Wild Life by Michelle Reale
The two sisters sit like sentries on the back porch. They take refuge in the sparse shade provided by the diseased black walnut, its roots sprawled deep. Hiking their summer print dresses up to their knees, they occasionally mop their faces with the aprons that are tied around their waists, and fan each other with circulars from the mini-mart. Their brother dressed for combat, slides a rifle over his shoulder; his big white hands betraying a slight tremor. Right then left and back again. Staring into the distance, he jumps at the outdoor sounds of birds, airplanes, and children. The sisters have no language for this behavior in the new country and believe that their younger brother keeps them safe. He rallies them, tells them in their language they are survivors, even though everywhere there are enemies. When one of sisters had fallen down the back steps he stressed the importance of strength and vigilance. He tied rags to the bottom of her crutches, didn’t allow the other sister to help her. She mopped the kitchen floor, cried tears like acid, and remembered the kindness of their mother, with bitterness for their lot now. In the back yard, fat pigeons and squirrels with their eyes wide open, lay littered like fallen leaves, their bright red blood smeared and coagulated. The brother will take stock of their bodies each day until their bones will remain bleached in by the sun, with tufts of fur and feathers clinging for dear life. The rubber soles of the sister’s slippers turn red and pink, as they tiptoe amongst the bones. They will take extra care when hanging the sheets that they don’t trail in the grass.

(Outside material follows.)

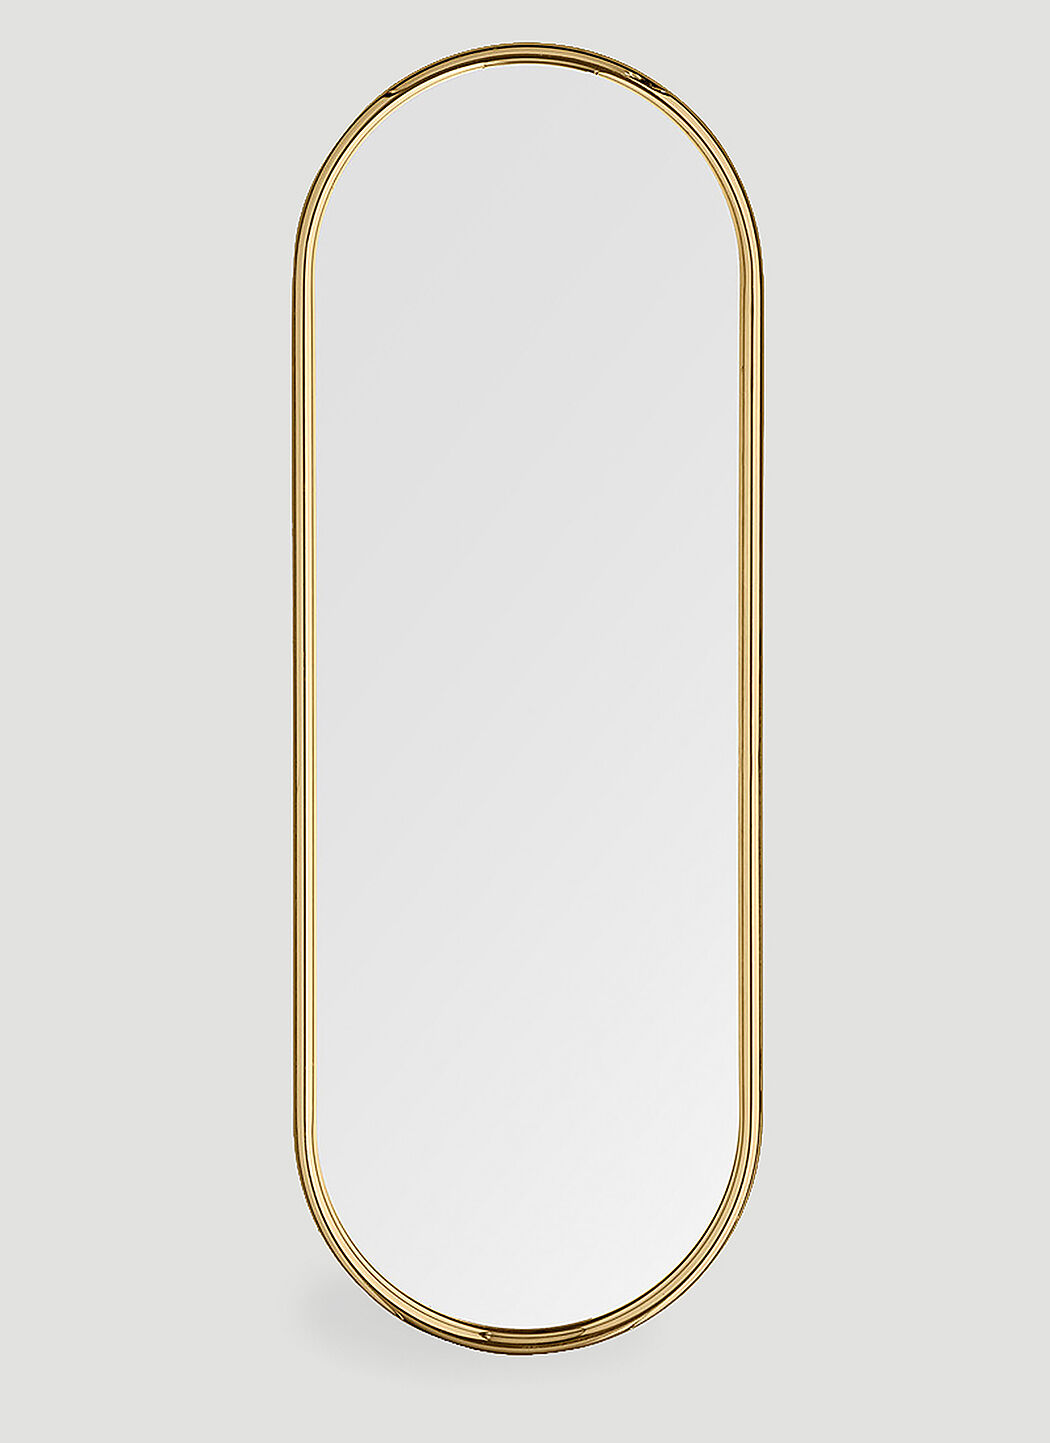 Marloe Marloe Large Angui Mirror クリーム rlo0351006

Watch, learn, he tells the sisters. Then: what will you do when I’m gone? The midday heat turns brutal, the air shimmers around them. One sister rubs her leg like a worry stone and asks the other “remember the days?” The brother’s senses are heightened as children come out of hiding and taunt the siblings. Only the brother knows what the words mean, coming out of the small mouths as though they must work hard to form the words. He stops and stares, his breath nearly stopping. The sisters cover their ears and close their eyes. They long to flee, but are not allowed. They are weak and their brother is strong. He has things to teach them about living in the new country, trying to survive.
A child ventures too close, uttering words terrible for their inscrutability. With his eyes squeezed shut, all that the brother has known to be true occurs. The sisters hold each other with a terrifying grip. Blood flows from the bodily form lying amongst the pigeons and the squirrels. When the brother turns to the sisters, he offers his rifle up to them as a gift. They stare straight ahead, dissolving into the shimmer of the brutal afternoon, the noise of hysteria around them, sounds not foreign to them. They watch the awful indifference of the boy they used to care for. He reaches down to one of the aprons around a shuddering waist and wipes the sweat off his face. They stand and wait huddled under the tree. He tells the sisters in their native tongue: “This is what the fires of hell must feel like.” The women disenthrall themselves and begin to move, like one body, back inside the house to start making plans for the future.